Planting began after an hourlong ceremony that included comments from the community governing board that will oversee the facility, from representatives of TCEQ and from Valero. Those present seemed pleased with the outcome; 22 garden beds were adopted before ceremonies commenced.
Mark Skobel, refinery manager, recollected time spent from his own youth tending a family garden of about the same size in his western Pennsylvania home. His father mined coal.
But John Beard, former city councilman and chairman of PACAN, which advocates for a clean environment, shared with this newspaper his own take on the project, which was less celebratory.
Beard pointed to past environmental problems and industrial expansions that surround West Port Arthur, in an area which he referred to as a “toxic zone,” and suggested that, “While some precautions have been taken, it must be understood that there is no mitigation for the atmospheric fallout pollution from these sources; no protection from the dust laced with heavy metals, or acid rain from emissions, or petroleum coke dust from these sources.”
Nonetheless, the 125 or so people who gathered Wednesday perceived something else: A community coming together to make something good rise from something wrong. There was an error, and a penalty paid.

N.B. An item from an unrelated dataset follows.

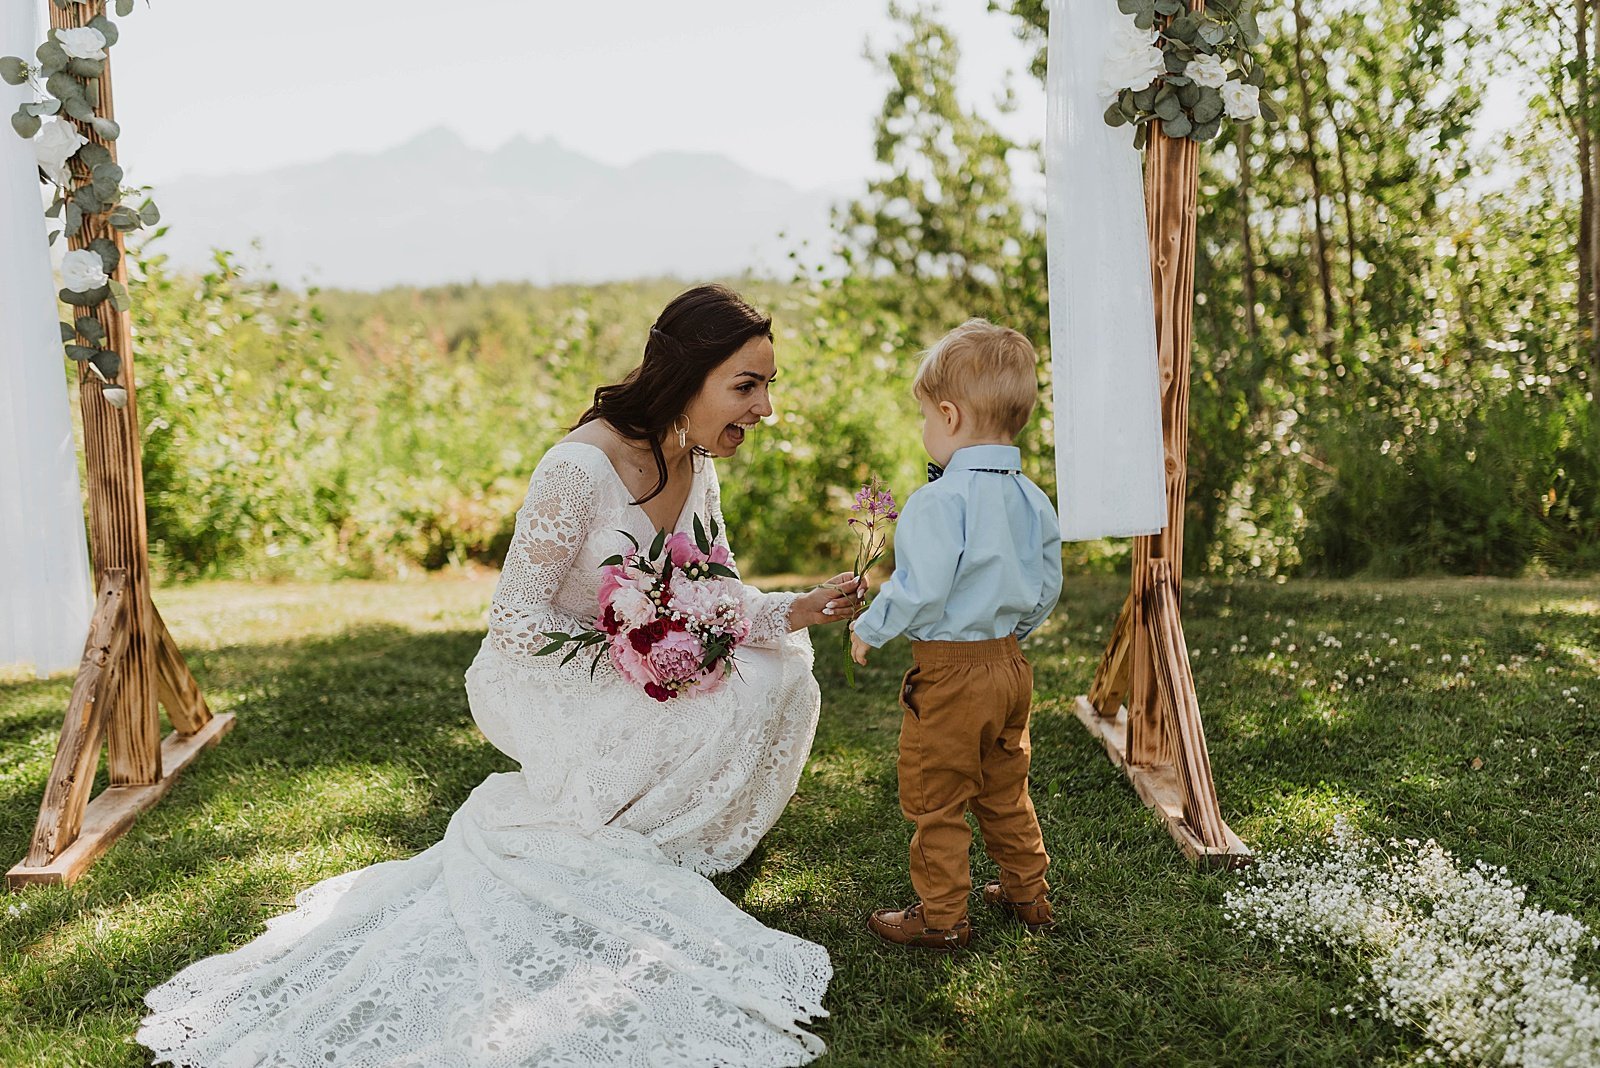  Bride greeting toddler boy guest by photographer, Theresa McDonald.

Make no mistake: Creation of the park and garden followed what the state believed was a transgression. The program itself suggested as much, bearing the words: “This project was performed as part of the settlement of an enforcement action with TCEQ.”
What’s best is to look forward, to be grateful a state agency watches over Texas citizens, to learn from mistakes and to move forward.
Can’t wait to taste the tomatoes.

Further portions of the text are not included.